Южным летом 1933–1934 годов Кристенсен сам принимал участие во многих антарктических научных плаваниях, которые он финансировал. В новый 1934 год он телеграфировал домой свое согласие с тем, чтобы весь китобойный флот, включая «Юнилевер», оставался на приколе в сезон 1934–1935 годов. Он беспокоился о популяции китов. Кроме того, на рынке все еще находилось много непроданного жира. Когда Яре официально заявил, что он в любом случае отправит свои китобазы, Кристенсен передумал. Он отправился в Англию и встретился с руководством «Юнилевер» 25 марта 1934 года. В обстановке секретности он предложил сотрудничество. Вскоре заключили контракт, и компании Кристенсена два последующих сезона должны были добывать китов для «Юнилевер», которая, в свою очередь, должна была покупать китовый жир по установленной контрактом цене.
В то же время Кристенсен отказался участвовать в новом соглашении о добровольном ограничении производства. Поэтому он отошел от сотрудничества с конкурентами, как в вопросах ограничения производства, так и в переговорах о продажах. Контракт с ненавидимым всеми «Юнилевером» — «жировым трестом» — сочли предательством.
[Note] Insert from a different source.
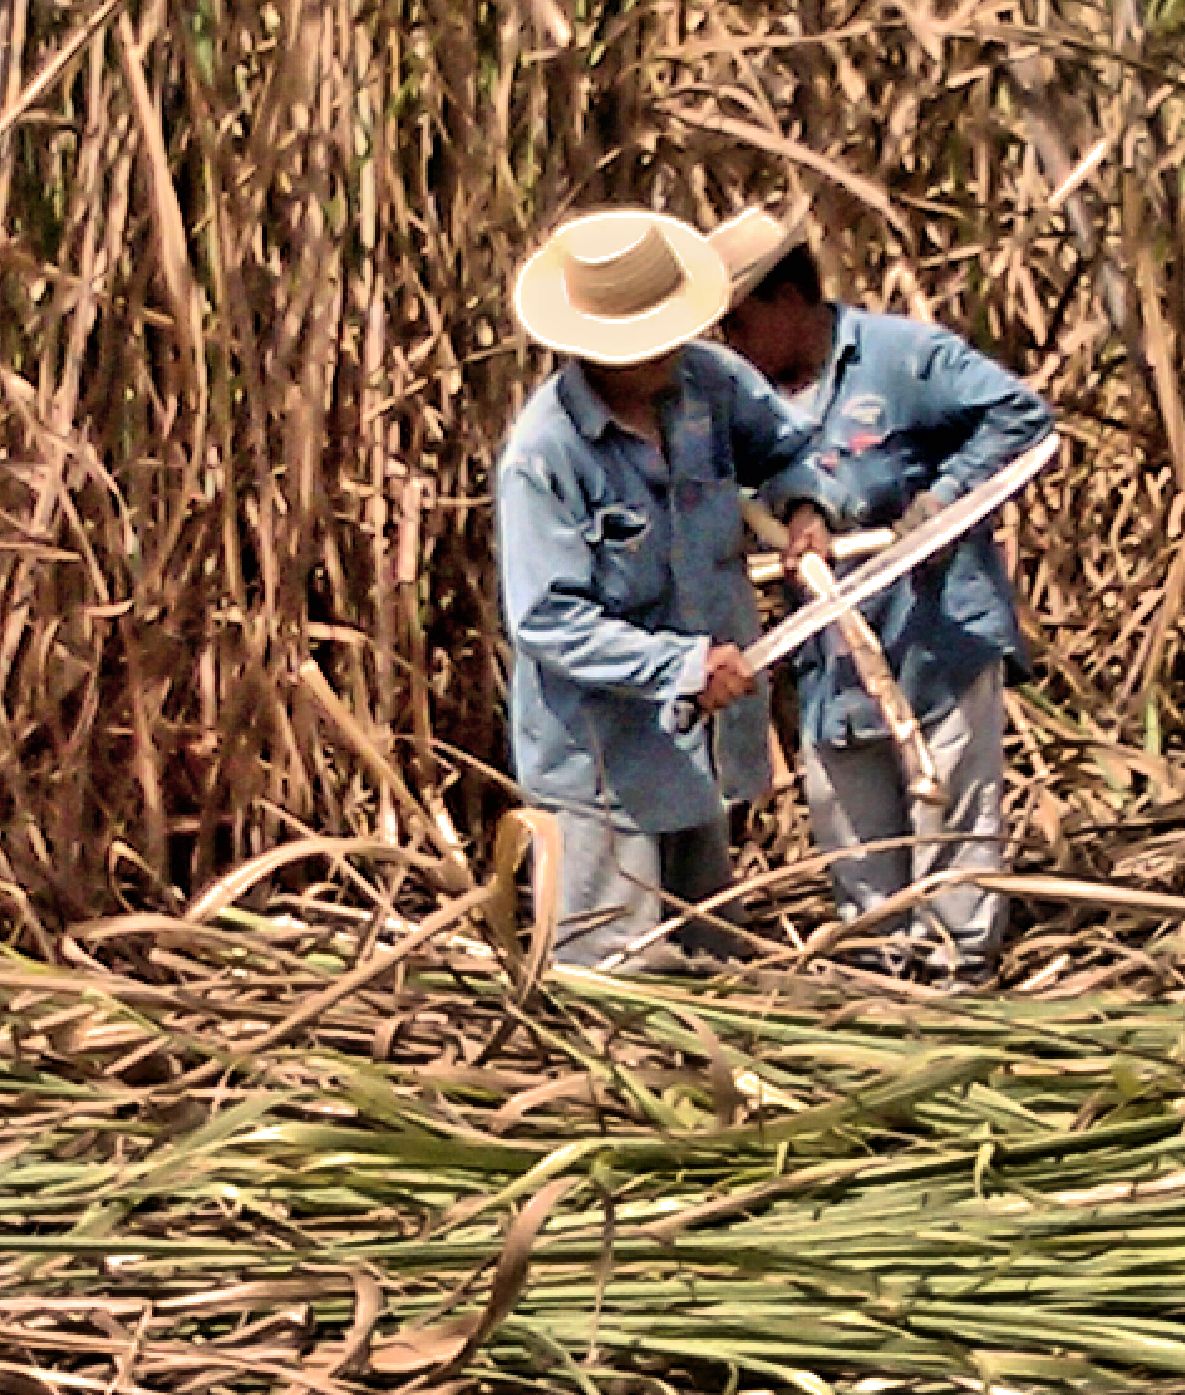 Where does sugar cane come from?

Правительство Мовинкеля отреагировало, посовещавшись с Ассоциацией китобойных компаний, путем быстрого принятия нового закона о китобойном промысле, который ограничивал промысел в Антарктике сокращением промыслового сезона до периода с 1 декабря до 31 марта. Это правило особенно сильно ударило по Кристенсену. Он оставался со старой и неэффективной материальной базой и поэтому нуждался в большем количестве времени для получения хороших результатов промысла. В то же время правительство установило запрет на продажу плавучих жироварен/китобаз и китобойных судов за границу. Теперь ни Кристенсен, ни другие не могли избежать соблюдения норвежских правил, продав свой флот или сменив флаг.
В июне 1934 года, пока новый закон о китобойном промысле ждал обсуждения в Стортинге, Андерс Яре и его коллега судовладелец Магнус Конов два раза съездили в Берлин для продажи китового жира27
. Они выступали от имени общей конторы продаж, в которой участвовали многие компания. Другой стороной переговоров стали немецкие власти. В конце июля в германскую столицу прибыл Юхан Расмуссен и остановился в отеле «Савой»28. На заключительном этапе переговоров о продаже жира он встретился с начальником департамента Морицом из министерства сельского хозяйства и пищевой промышленности и начальником департамента Хельмутом Волтатом из министерства промышленности. Контракт на продажу 150 тысяч тонн китового жира немецкому монополисту был готов в августе.Продажа напрямую в Германию означала, что монополии «Юнилевер» в сфере закупок пришел конец. В то же время норвежские китобойные круги получили нового могущественного партнера, который мог играть серьезную роль и среди покупателей, и среди производителей. Уже весной 1935 года Хельмут Волтат угрожал представителю норвежских властей — если Германия не получит желаемого, то в скором времени она создаст свой китобойный флот.
Когда зоолог Биргер Бергерсен приехал в сталинскую Москву как один из представителей Норвегии в норвежско-советской комиссии по тюленебойному промыслу, принимающая сторона, начальник Управления рыболовства М.А. Казаков[6]
, исчез. Секретарша Казакова плакала и говорила, что не знает этого человека. В газете «Правда» через некоторое время появилось сообщение, что начальник Управления рыболовства расстрелян как враг народа, а когда заседание комиссии все-таки состоялось, Бергерсен и один его норвежский коллега выступили каждый с небольшой речью в память о погибшем партнере, в то время как пока еще остающиеся в живых советские делегаты слушали молча.Пять лет спустя после событий в Москве, в 1935 году, Бергерсена избрали руководителем нового комитета по культуре Рабочей партии1
. В марте того же года его партия пришла к власти. Правительство из представителей Рабочей партии быстро нашло применение знаниям профессора Бергерсена о морских млекопитающих и его опыту работы на международной арене.